[Haskell-cafe] could not deduce Show compile error

[Tom Ellis]

`Compose` allows you to join together `Flow a b` and `Flow b c`,
regardless of what `b` is, even if it doesn't have a `Show` instance,
so how can you possibly show it in the recursive call `runFlow f2`?

Changing the definition of `Flow` to

    data Flow a b where
      Id :: Flow a a
      Compose :: Show b => Flow a b -> Flow b c -> Flow a c
    
would allow you to write `runFlow` but then you can't define a
`Category` instance, since `(.)` is not allowed to be constrained.

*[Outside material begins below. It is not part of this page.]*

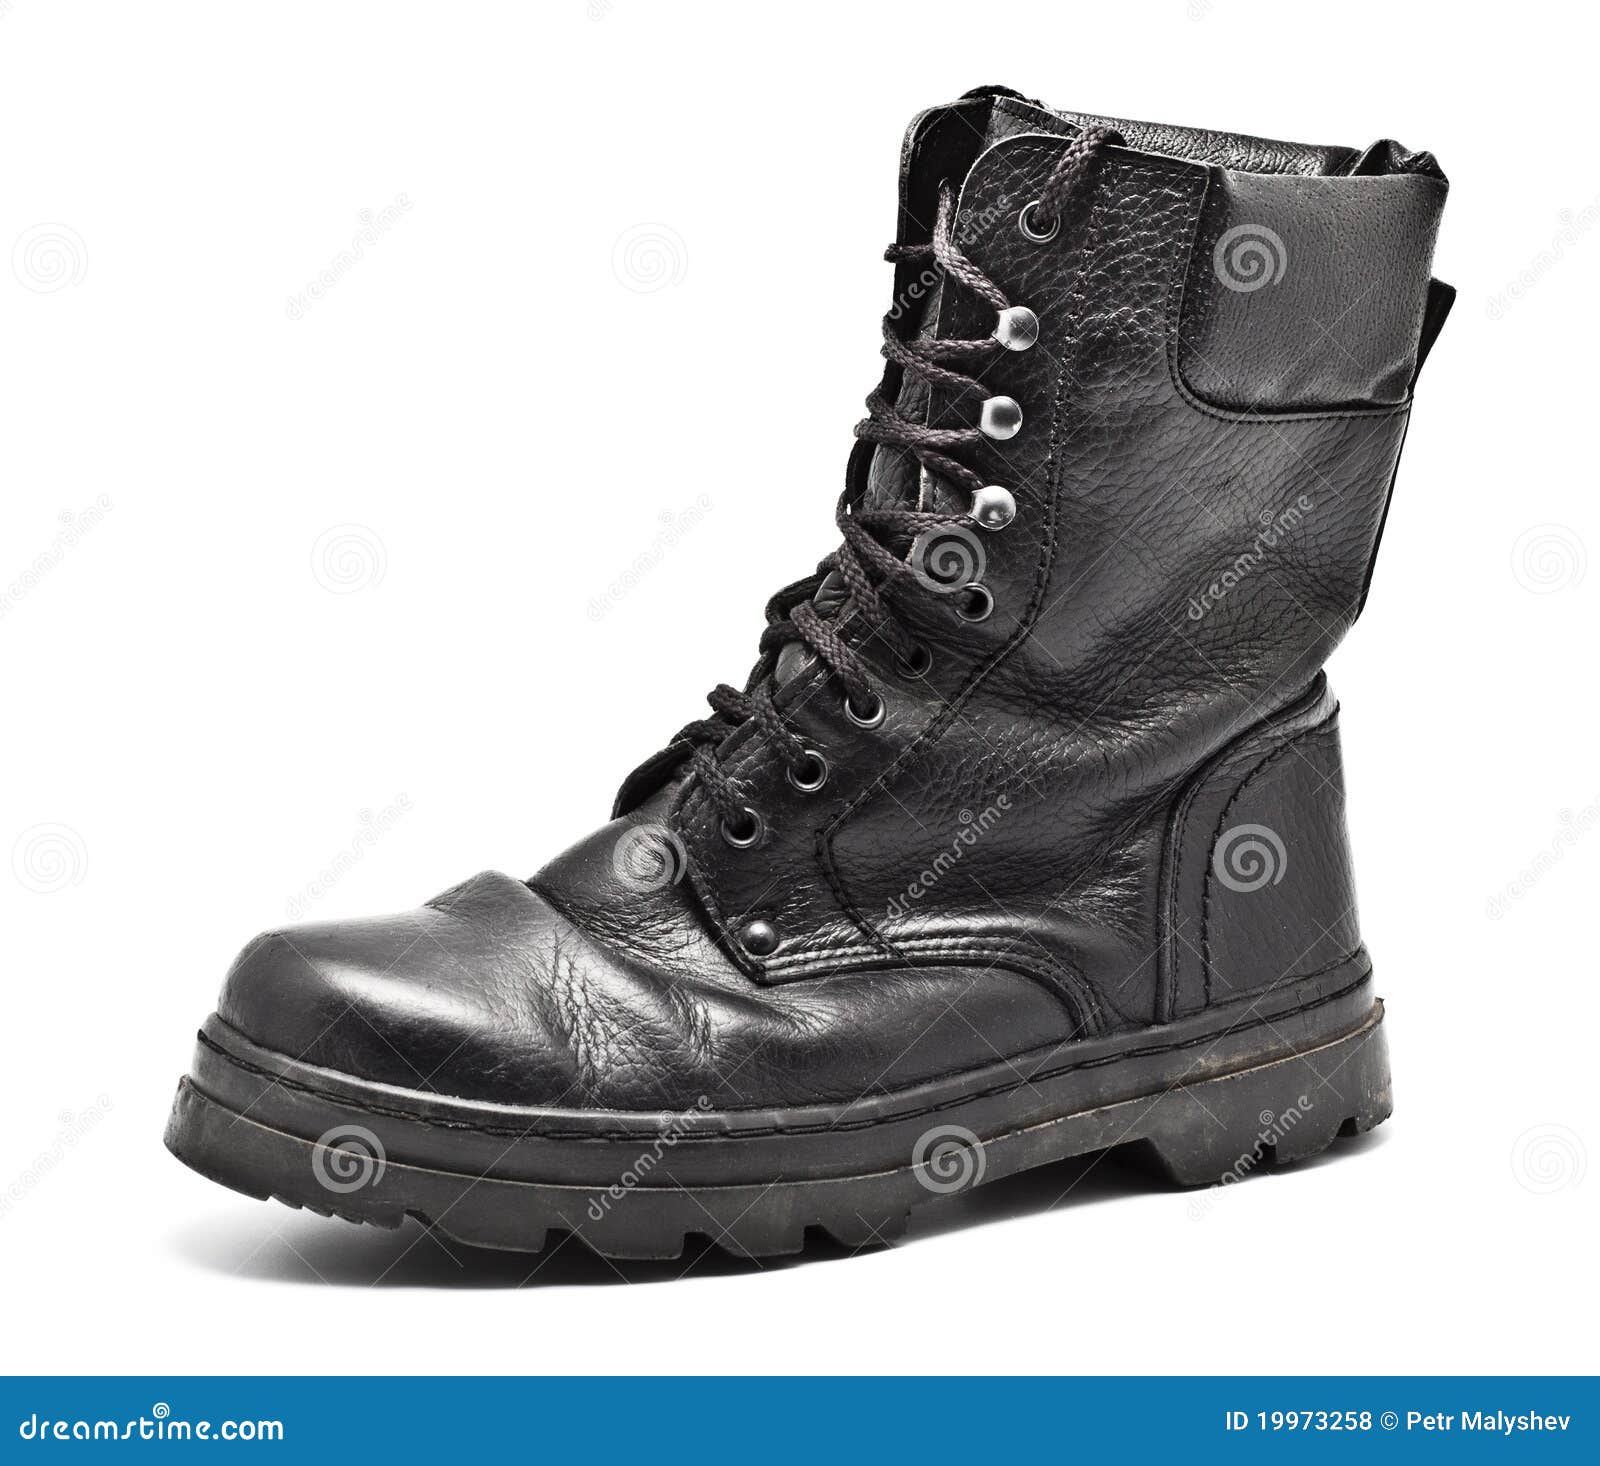 Black Leather Army Boot stock photo. Image of landings - 19973258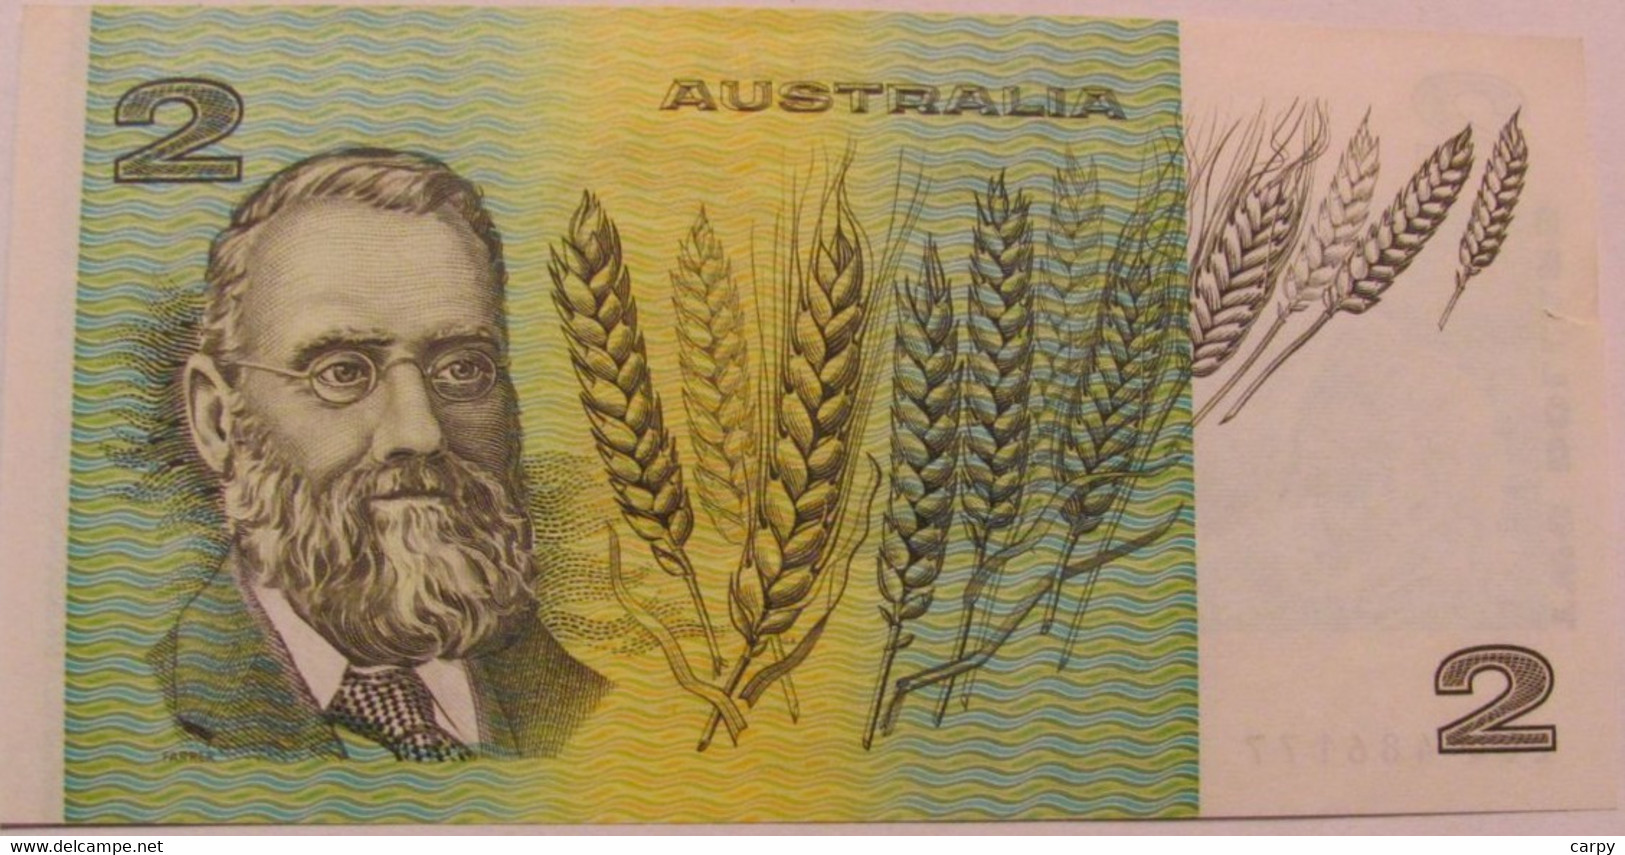 AUSTRALIA 2 Dollars 1985 / Signature Johnston & Fraser / Practically Is UNC, But Has A Small Marginal Tear At 21:00 Hour - 1974-94 Australia Reserve Bank

Perhaps you want something like this:

    {-# LANGUAGE GADTs #-}
    
    import Control.Category
    import Prelude hiding (id, (.))
    
    data Flow a b where
      Id :: Flow a a
        Compose :: Flow a b -> Flow b c -> Flow a c
          ShowId :: Show a => Flow a a
    
    instance Category Flow where
      id = Id
        (.) = flip Compose
    
    runFlow :: Flow a b -> a -> IO b
    runFlow f x = case f of
      Id -> pure x
        Compose f1 f2 -> runFlow f1 x >>= runFlow f2
          ShowId -> print x >> pure x
    
    main :: IO ()
    main = runFlow (ShowId >>> ShowId) ()

Tom

On Fri, Jun 02, 2023 at 01:32:47PM +0000, Zoran Bošnjak wrote:
> Dear haskell cafe members,
> I would appreciate a suggestion how to fix compile error on this simple test program (I am using ghc 9.0.2).
> 
> The idea is to have 'data Flow a b' unrestricted and create necessary constraints only when running/interpreting the flow. The problem is obviously an intermediate type 'b' in 'Compose', where the 'Show' instance is not deduced.
> I have a vague clue that some type families might be necessary to propagate Show constraint, or a type class with associated type family, but I don't
> know exactly how.
> 
> ---
> 
> import Prelude hiding ((.), id)
> import Control.Category
> 
> data Flow a b where
>     Id      :: Flow a a
>     Compose :: Flow a b -> Flow b c -> Flow a c
> 
> instance Category Flow where
>     id = Id
>     (.) = flip Compose
> 
> runFlow :: Show a => Flow a b -> a -> IO b
> runFlow f x = case f of
>     Id -> print x >> pure x
>     Compose f1 f2 -> runFlow f1 x >>= runFlow f2
> 
> main :: IO ()
> main = runFlow (Id >>> Id) ()
> 
> ---
> 
> The error is:
> 
>     • Could not deduce (Show b1) arising from a use of ‘runFlow’
>       from the context: Show a
>         bound by the type signature for:
>                    runFlow :: forall a b. Show a => Flow a b -> a -> IO b
>         at a02.hs:13:1-42
>       Possible fix:
>         add (Show b1) to the context of the data constructor ‘Compose’
>     • In the second argument of ‘(>>=)’, namely ‘runFlow f2’
>       In the expression: runFlow f1 x >>= runFlow f2
>       In a case alternative: Compose f1 f2 -> runFlow f1 x >>= runFlow f2
>    |
> 16 |     Compose f1 f2 -> runFlow f1 x >>= runFlow f2
>    |                                       ^^^^^^^^^^